Doxorubicin is widely used in the treatment of different cancers, and its side effects can be severe in many tissues, including the intestines. Symptoms such as diarrhoea and abdominal pain caused by intestinal inflammation lead to the interruption of chemotherapy. Nevertheless, the molecular mechanisms associated with doxorubicin intestinal toxicity have been poorly explored. This study aims to investigate such mechanisms by exposing 3D small intestine and colon organoids to doxorubicin and to evaluate transcriptomic responses in relation to viability and apoptosis as physiological endpoints. The in vitro concentrations and dosing regimens of doxorubicin were selected based on physiologically based pharmacokinetic model simulations of treatment regimens recommended for cancer patients. Cytotoxicity and cell morphology were evaluated as well as gene expression and biological pathways affected by doxorubicin. In both types of organoids, cell cycle, the p53 signalling pathway, and oxidative stress were the most affected pathways. However, significant differences between colon and SI organoids were evident, particularly in essential metabolic pathways.
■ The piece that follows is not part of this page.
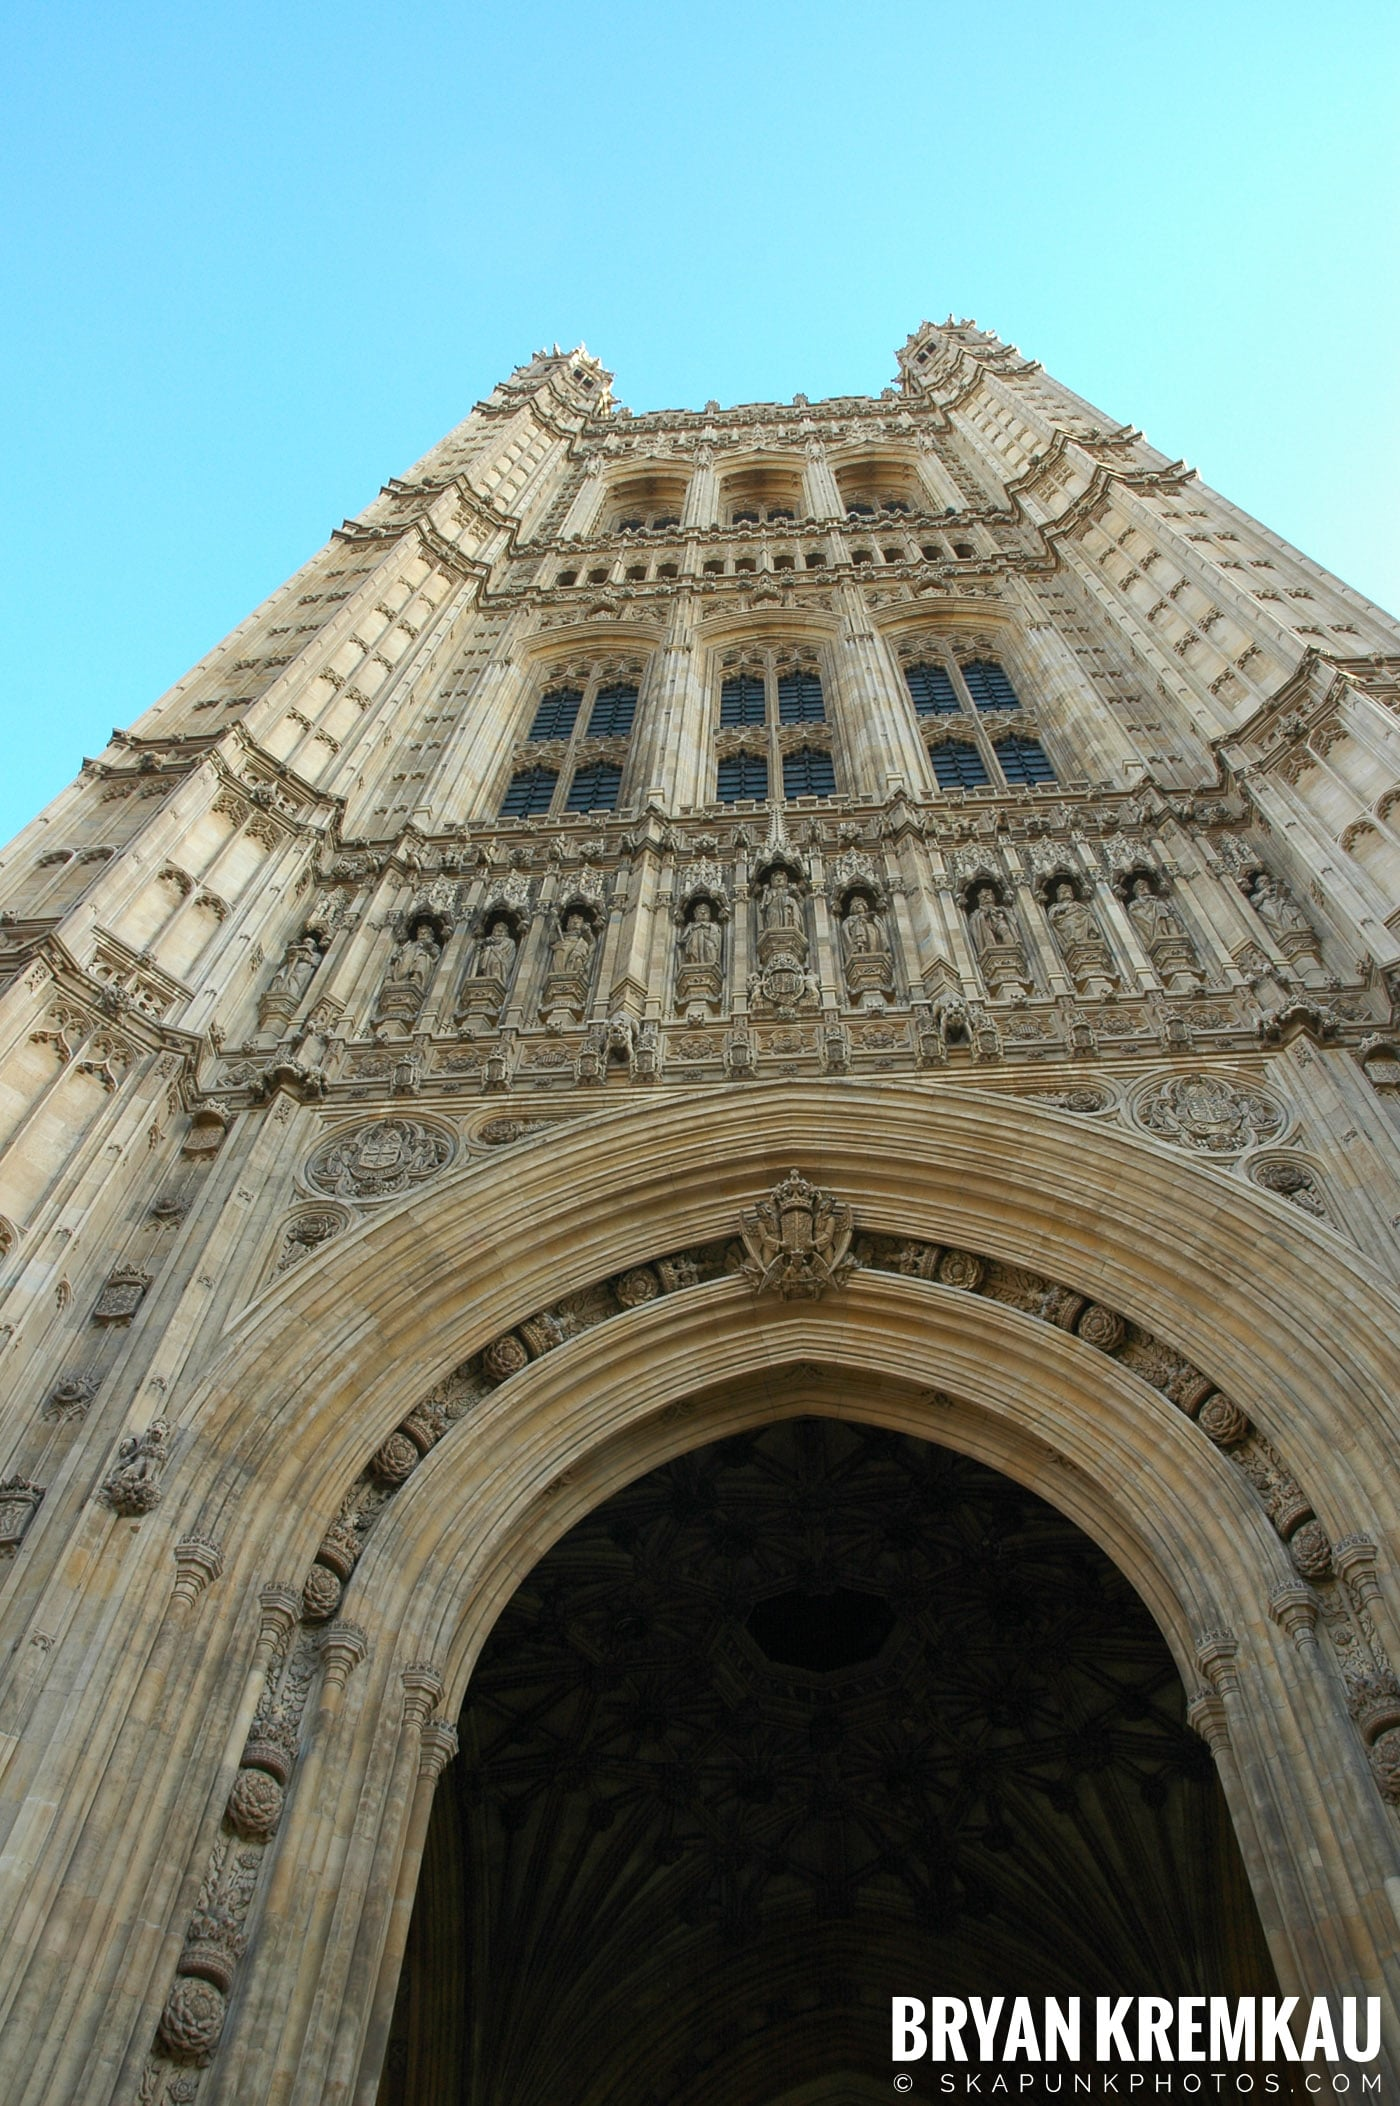 London, England - Day 4 - 12.19.05 (23)

Short time-series expression miner was used to further explore temporal changes in gene profiles, which identified distinct tissue responses. Finally, in silico proteomics revealed important proteins involved in doxorubicin metabolism and cellular processes that were in line with the transcriptomic responses, including cell cycle and senescence, transport of molecules, and mitochondria impairment. This study provides new insight into doxorubicin-induced effects on the gene expression levels in the intestines. Currently, we are exploring the potential use of these data in establishing quantitative systems toxicology models for the prediction of drug-induced gastrointestinal toxicity.